Most patients with metastatic melanoma fail to respond to available therapies, the discovery of a viable investigational treatment with an established safety profile is a diehard need in oncology. The prohibitive costs and long lead times typically are two requirements to discover new cancer medicines.
Effectively sidestepping these barriers, researchers at the NYU Cancer Institute and the Ronald O. Perelman Department of Dermatology promisingly screened a library of already approved drugs for activity against the most deadly form of skin cancer. They have identified mebendazole, a drug used globally to treat parasitic infections, as a novel investigational agent for the treatment of chemotherapy-resistant malignant melanoma.
The phase I clinical trial is expected to begin next year at NYU Cancer Institute. “While rational drug design remains a perfectly valid way to develop cancer therapies, we also need approaches that are less costly and more productive of new effective treatments," said lead Seth J. Orlow, M.D. Ph.D., Chair of the Ronald O. Perelman Department of Dermatology at New York University School of Medicine.
The NYU researchers screened a library of 2,000 well-known drugs and identified members of the benzimidazole family for their ability to inhibit melanoma growth and induce programmed cell death (apoptosis) of malignant melanoma cells without affecting normal melanocytes (pigment-producing cells). The team selected mebendazole, of the identified benzimidazoles, for further study because it was known to be a well-tolerated, orally available drug with anti-cancer properties.

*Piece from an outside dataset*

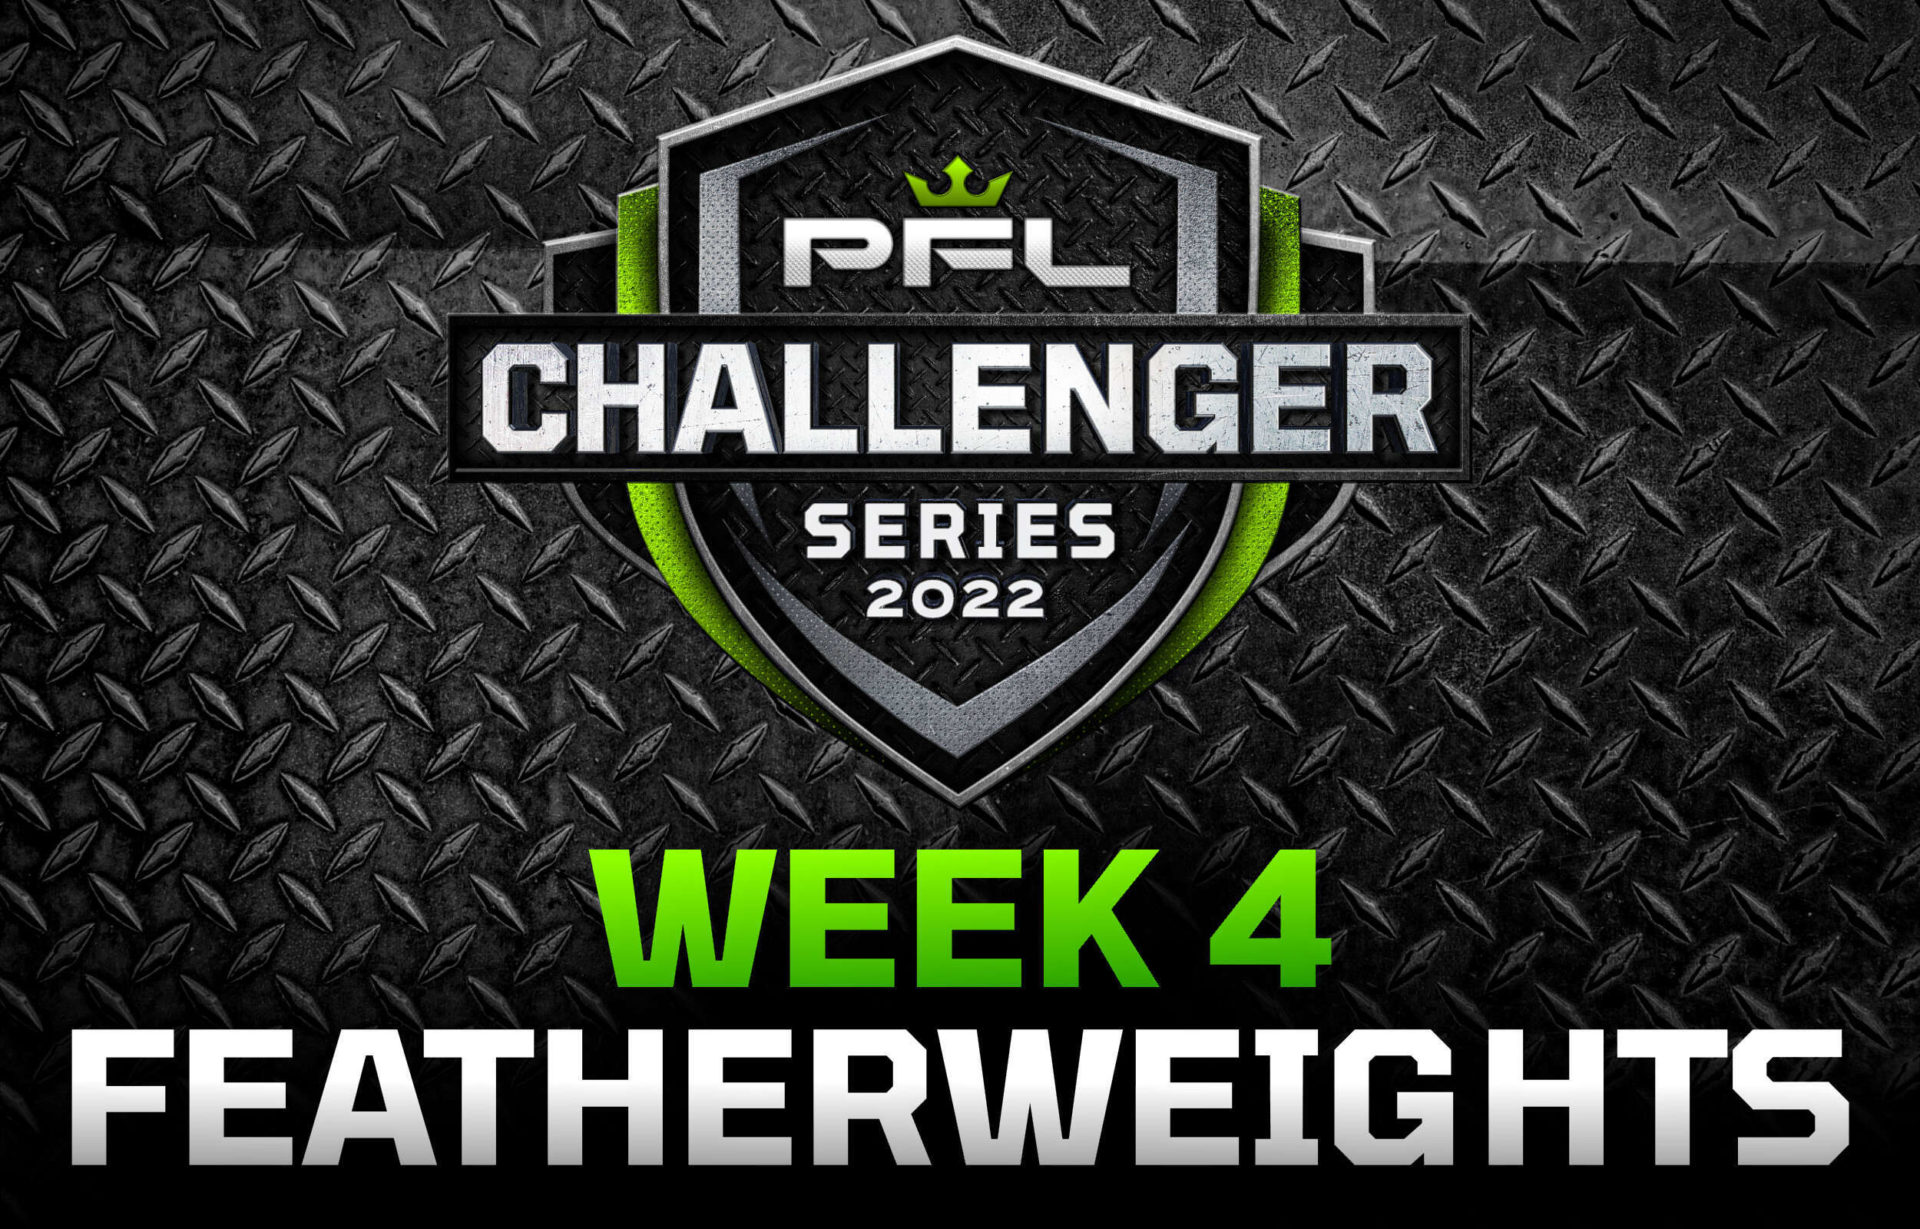 PFL Challenger Series 2022 - Week 4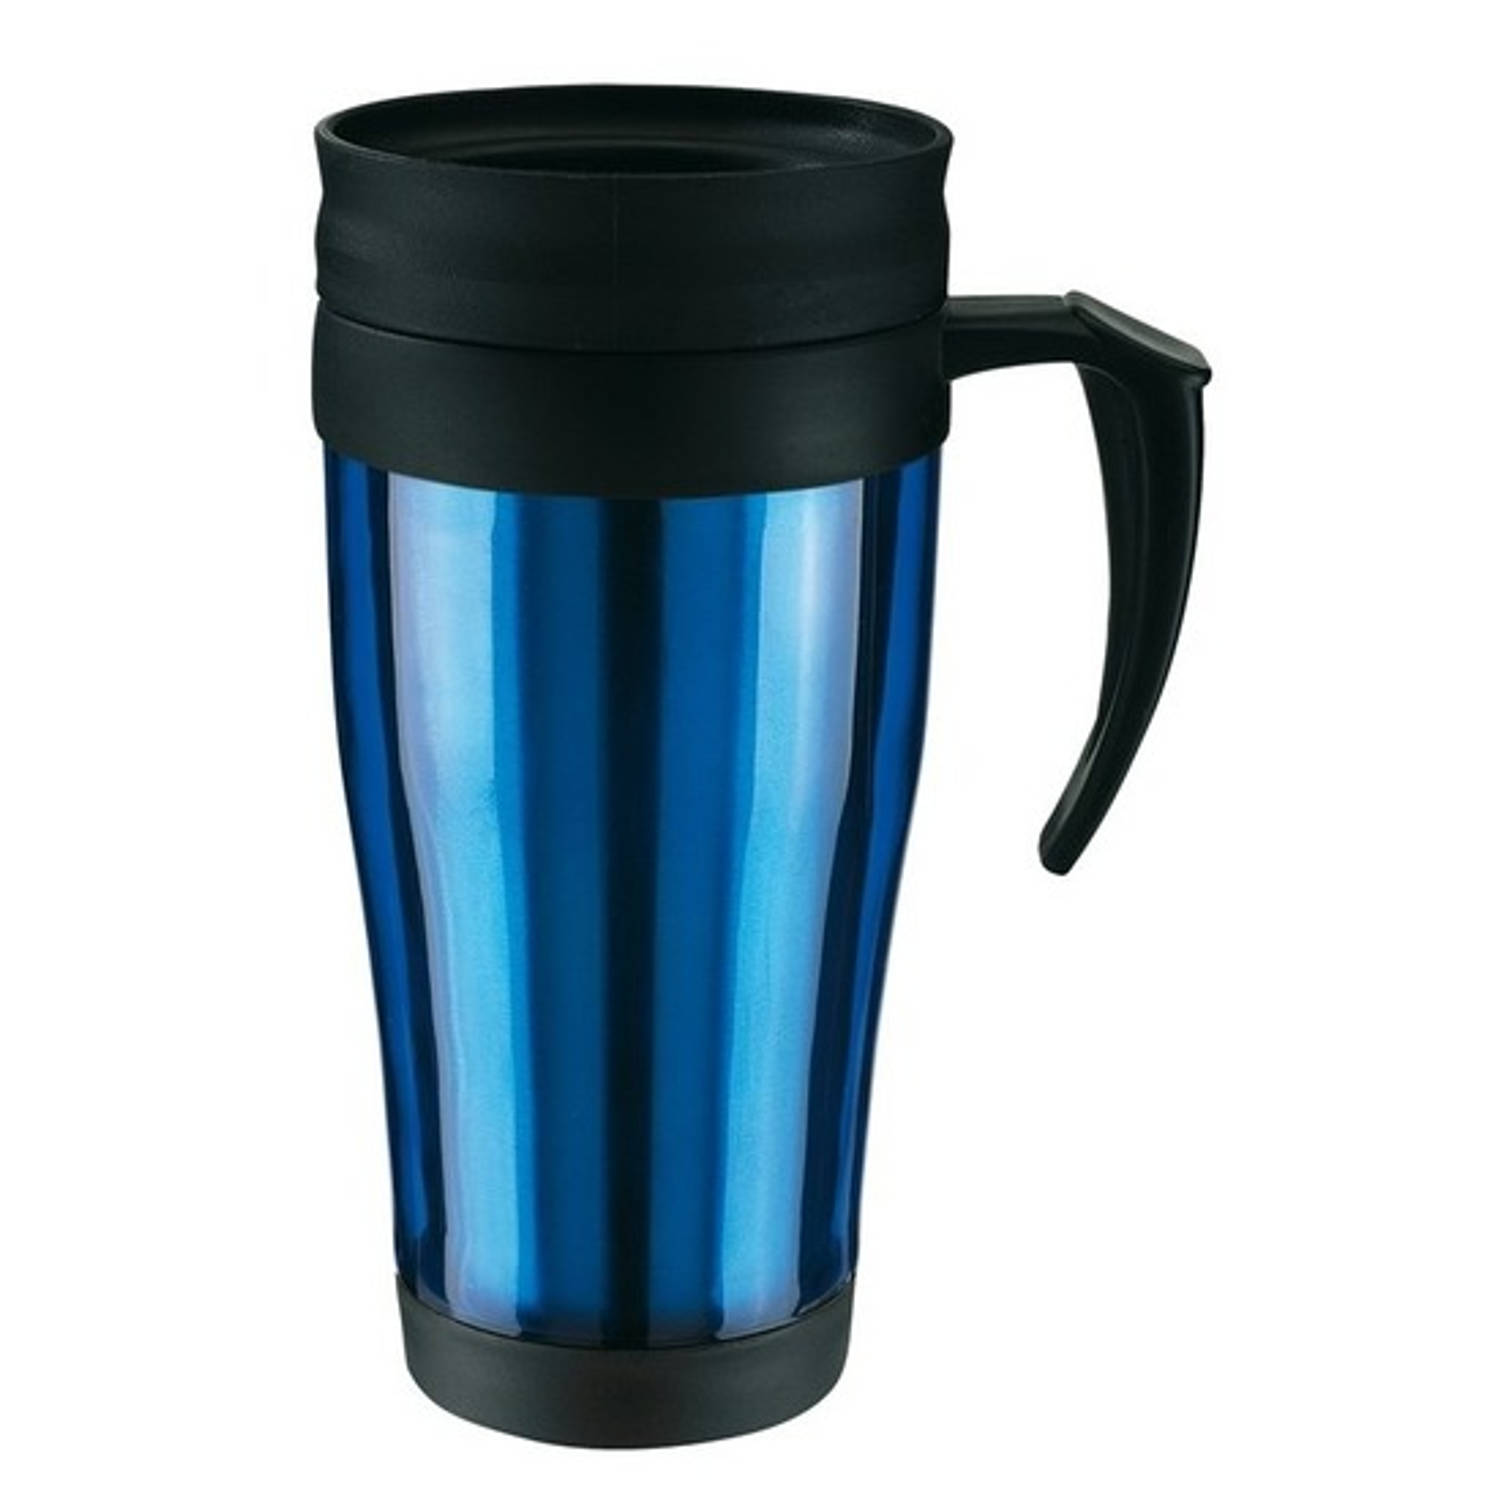 Thermosbeker-warmhoudbeker Blauw-zwart 400 Ml Thermo Koffie-thee Bekers Dubbelwandig Met Schroefdop

The discovery that took the team by surprise shows that mebendazole takes advantage of a special difference between a melanoma cell and normal melanocytes. Melanomas produce high levels of a protein called Bcl-2, which is known to protect certain cancer cells from apoptosis. The team saw that when a melanoma cancer cell was exposed to mebendazole, it resulted in inactivation of Bcl-2, allowing apoptosis to occur.
Mebendazole, is sold as a generic drug and has been used since the 1970s to treat roundworm, hookworm, pinworm, whipworm, and other worm-based parasitic infections. Previous research has also shown it to have some anti-tumor activity in lung and adreno-cortical cancer.